▶ [Task goal]:
The response should be a faithful copy of every record, with nothing left out.

Stored dataset items
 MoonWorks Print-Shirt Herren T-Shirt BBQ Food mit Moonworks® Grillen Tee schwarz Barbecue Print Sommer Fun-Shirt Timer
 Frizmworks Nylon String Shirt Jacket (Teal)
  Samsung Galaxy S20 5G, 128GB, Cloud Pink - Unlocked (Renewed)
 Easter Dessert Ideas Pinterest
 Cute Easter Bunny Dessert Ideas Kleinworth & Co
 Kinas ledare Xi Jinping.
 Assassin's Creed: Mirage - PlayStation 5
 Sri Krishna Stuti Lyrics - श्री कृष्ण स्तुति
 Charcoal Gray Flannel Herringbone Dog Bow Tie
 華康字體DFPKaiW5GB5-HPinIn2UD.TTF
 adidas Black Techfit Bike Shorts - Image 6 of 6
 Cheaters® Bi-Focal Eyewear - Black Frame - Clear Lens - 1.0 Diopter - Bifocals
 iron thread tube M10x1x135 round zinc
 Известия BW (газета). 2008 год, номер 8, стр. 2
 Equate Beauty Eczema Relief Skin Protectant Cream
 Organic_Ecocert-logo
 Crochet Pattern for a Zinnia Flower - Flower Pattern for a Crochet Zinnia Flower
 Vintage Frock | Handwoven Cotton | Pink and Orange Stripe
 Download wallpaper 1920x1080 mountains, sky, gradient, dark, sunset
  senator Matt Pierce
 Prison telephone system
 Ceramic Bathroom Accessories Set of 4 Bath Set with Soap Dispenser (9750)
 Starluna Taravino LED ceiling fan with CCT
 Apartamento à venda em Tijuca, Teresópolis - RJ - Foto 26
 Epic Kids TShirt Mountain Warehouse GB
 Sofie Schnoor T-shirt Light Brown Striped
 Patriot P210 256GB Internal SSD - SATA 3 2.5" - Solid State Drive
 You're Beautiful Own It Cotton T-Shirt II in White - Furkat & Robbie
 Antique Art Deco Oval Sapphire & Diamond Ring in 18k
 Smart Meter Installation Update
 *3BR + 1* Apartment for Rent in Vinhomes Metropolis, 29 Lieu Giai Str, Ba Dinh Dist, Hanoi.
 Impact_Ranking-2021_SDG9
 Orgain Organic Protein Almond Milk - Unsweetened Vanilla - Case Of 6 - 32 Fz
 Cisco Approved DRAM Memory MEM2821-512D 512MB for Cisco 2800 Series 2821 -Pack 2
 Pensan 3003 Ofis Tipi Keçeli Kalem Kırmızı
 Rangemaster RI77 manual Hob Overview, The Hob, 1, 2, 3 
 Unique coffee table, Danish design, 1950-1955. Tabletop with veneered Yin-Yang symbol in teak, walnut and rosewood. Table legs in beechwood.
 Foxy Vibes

▶ [Task response]:
 MoonWorks Print-Shirt Herren T-Shirt BBQ Food mit Moonworks® Grillen Tee schwarz Barbecue Print Sommer Fun-Shirt Timer
 Frizmworks Nylon String Shirt Jacket (Teal)
  Samsung Galaxy S20 5G, 128GB, Cloud Pink - Unlocked (Renewed)
 Easter Dessert Ideas Pinterest
 Cute Easter Bunny Dessert Ideas Kleinworth & Co
 Kinas ledare Xi Jinping.
 Assassin's Creed: Mirage - PlayStation 5
 Sri Krishna Stuti Lyrics - श्री कृष्ण स्तुति
 Charcoal Gray Flannel Herringbone Dog Bow Tie
 華康字體DFPKaiW5GB5-HPinIn2UD.TTF
 adidas Black Techfit Bike Shorts - Image 6 of 6
 Cheaters® Bi-Focal Eyewear - Black Frame - Clear Lens - 1.0 Diopter - Bifocals
 iron thread tube M10x1x135 round zinc
 Известия BW (газета). 2008 год, номер 8, стр. 2
 Equate Beauty Eczema Relief Skin Protectant Cream
 Organic_Ecocert-logo
 Crochet Pattern for a Zinnia Flower - Flower Pattern for a Crochet Zinnia Flower
 Vintage Frock | Handwoven Cotton | Pink and Orange Stripe
 Download wallpaper 1920x1080 mountains, sky, gradient, dark, sunset
  senator Matt Pierce
 Prison telephone system
 Ceramic Bathroom Accessories Set of 4 Bath Set with Soap Dispenser (9750)
 Starluna Taravino LED ceiling fan with CCT
 Apartamento à venda em Tijuca, Teresópolis - RJ - Foto 26
 Epic Kids TShirt Mountain Warehouse GB
 Sofie Schnoor T-shirt Light Brown Striped
 Patriot P210 256GB Internal SSD - SATA 3 2.5" - Solid State Drive
 You're Beautiful Own It Cotton T-Shirt II in White - Furkat & Robbie
 Antique Art Deco Oval Sapphire & Diamond Ring in 18k
 Smart Meter Installation Update
 *3BR + 1* Apartment for Rent in Vinhomes Metropolis, 29 Lieu Giai Str, Ba Dinh Dist, Hanoi.
 Impact_Ranking-2021_SDG9
 Orgain Organic Protein Almond Milk - Unsweetened Vanilla - Case Of 6 - 32 Fz
 Cisco Approved DRAM Memory MEM2821-512D 512MB for Cisco 2800 Series 2821 -Pack 2
 Pensan 3003 Ofis Tipi Keçeli Kalem Kırmızı
 Rangemaster RI77 manual Hob Overview, The Hob, 1, 2, 3 
 Unique coffee table, Danish design, 1950-1955. Tabletop with veneered Yin-Yang symbol in teak, walnut and rosewood. Table legs in beechwood.
 Foxy Vibes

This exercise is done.